Strategi Diplomasi Indonesia dalam Menolak Penetapan Moratorium WTO atas Bea Masuk Transmisi Elektronik

Zeanita Tiffany Spallanzani, Prof. Dr. Poppy S. Winanti

2026 | Tesis | S2 Ilmu Hubungan Internasional

Penelitian ini menganalisis strategi diplomasi Indonesia dalam menolak penetapan permanen moratorium WTO atas bea masuk transmisi elektronik. Dengan kerangka multi-track diplomacy dan pendekatan kualitatif, data diperoleh dari wawancara mendalam dengan pejabat kementerian teknis, think tanks, dan asosiasi bisnis, serta analisis dokumen kebijakan.

 

Indonesia menerapkan strategi diplomasi multijalur terintegrasi yang terdiri dari lima pilar. Pertama, harmonisasi regulasi domestik yang berhasil mengimplementasikan pengenaan bea masuk atas barang digital secara operasional. Kedua, mobilisasi basis epistemik melalui lembaga think thanks membangun narasi kuantitatif tentang dampak asimetris moratorium. Ketiga, aktivasi asosiasi bisnis lokal mendukung perlindungan industri digital. Keempat, kepemimpinan koalisi yang menghasilkan perubahan keputusan WTO. Kelima, reframing isu dari perdebatan teknis menjadi narasi moral tentang keadilan dan kedaulatan ekonomi digital.

 

Strategi Indonesia yang proaktif mengubah dinamika negosiasi melalui politisasi isu. Perpanjangan sementara hingga 2026 merupakan jeda strategis untuk memperkuat regulasi domestik dan membangun momentum koalisi menjelang negosiasi final. Penelitian ini berkontribusi pada pemahaman bagaimana negara berkembang dapat melindungi kepentingan nasional dalam tata kelola perdagangan digital global melalui strategi diplomasi dan koalisi strategis.
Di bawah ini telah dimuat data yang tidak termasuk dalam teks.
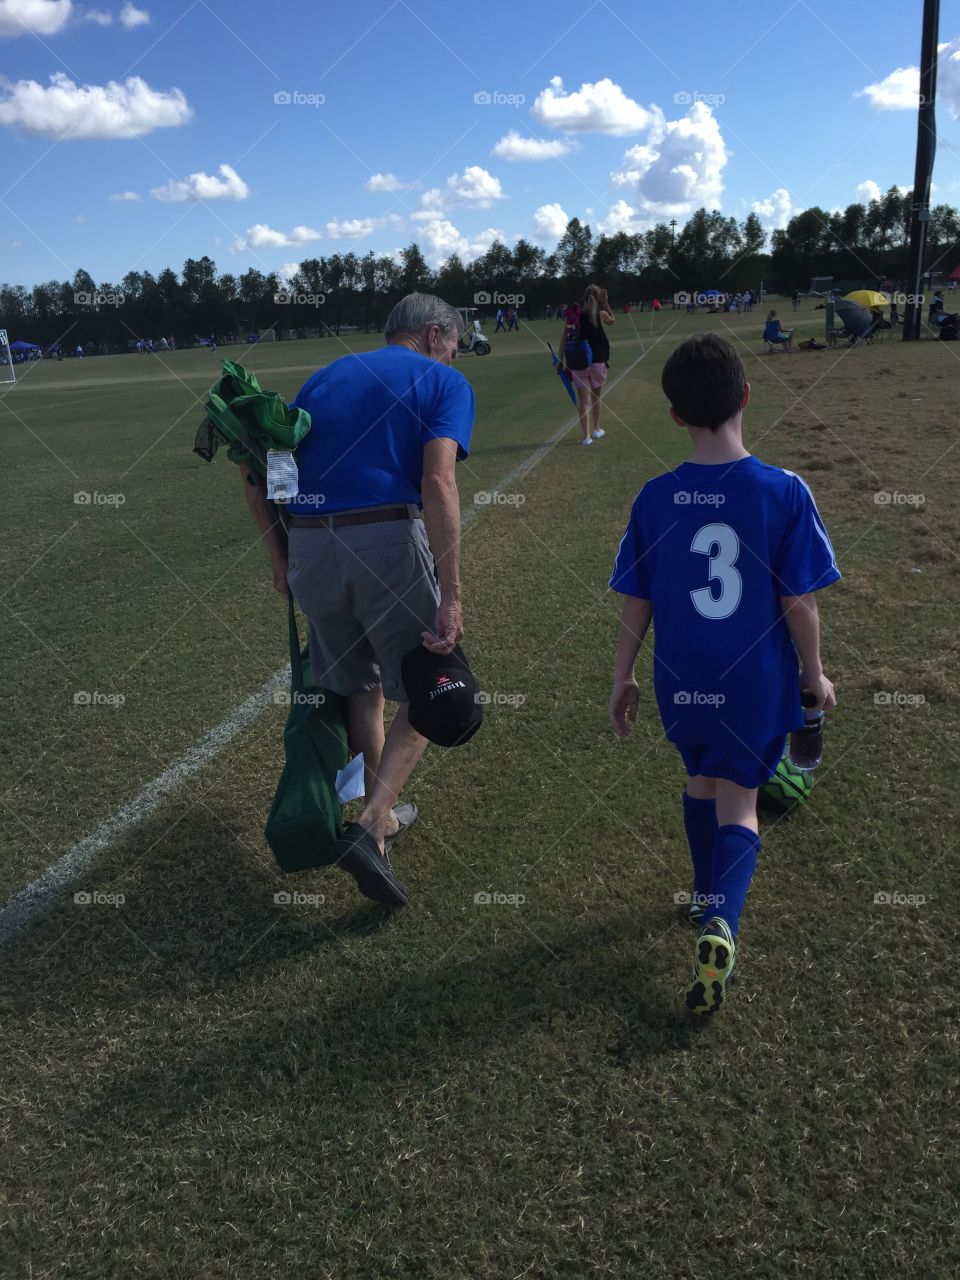 Grandfather carrying soccer gear with grandson walking off the soccer field together on a fall day.

This research analyses Indonesia's diplomatic strategy in opposing the permanent establishment of the WTO moratorium on customs duties on electronic transmissions. Using a multi-track diplomacy framework and qualitative approach, data were obtained through in-depth interviews with officials from technical ministries, think tanks, and business associations, as well as analysis of policy documents.

 

Indonesia implements an integrated multi-track diplomatic strategy consisting of five pillars. First, harmonization of domestic regulations that successfully implements customs duties on digital goods operationally, making Indonesia the only country to achieve this practically. Second, mobilization of epistemic basis through think tank institutions builds quantitative narratives about the asymmetric impact of the moratorium on developing countries' revenues and risks to local digital industry competitiveness. Third, activation of local business associations supports protection of the digital industry. Fourth, coalition leadership produces changes in WTO decisions. Fifth, reframing the issue from technical debate into a moral narrative about justice and digital economic sovereignty.

 

Indonesia's proactive strategy transforms negotiation dynamics through issue politicization. The temporary extension until 2026 represents a strategic interim to strengthen domestic regulations and build coalition momentum toward final negotiations. This research contributes to understanding how developing countries can protect national interests in global digital trade governance through diplomatic strategy and strategic coalitions.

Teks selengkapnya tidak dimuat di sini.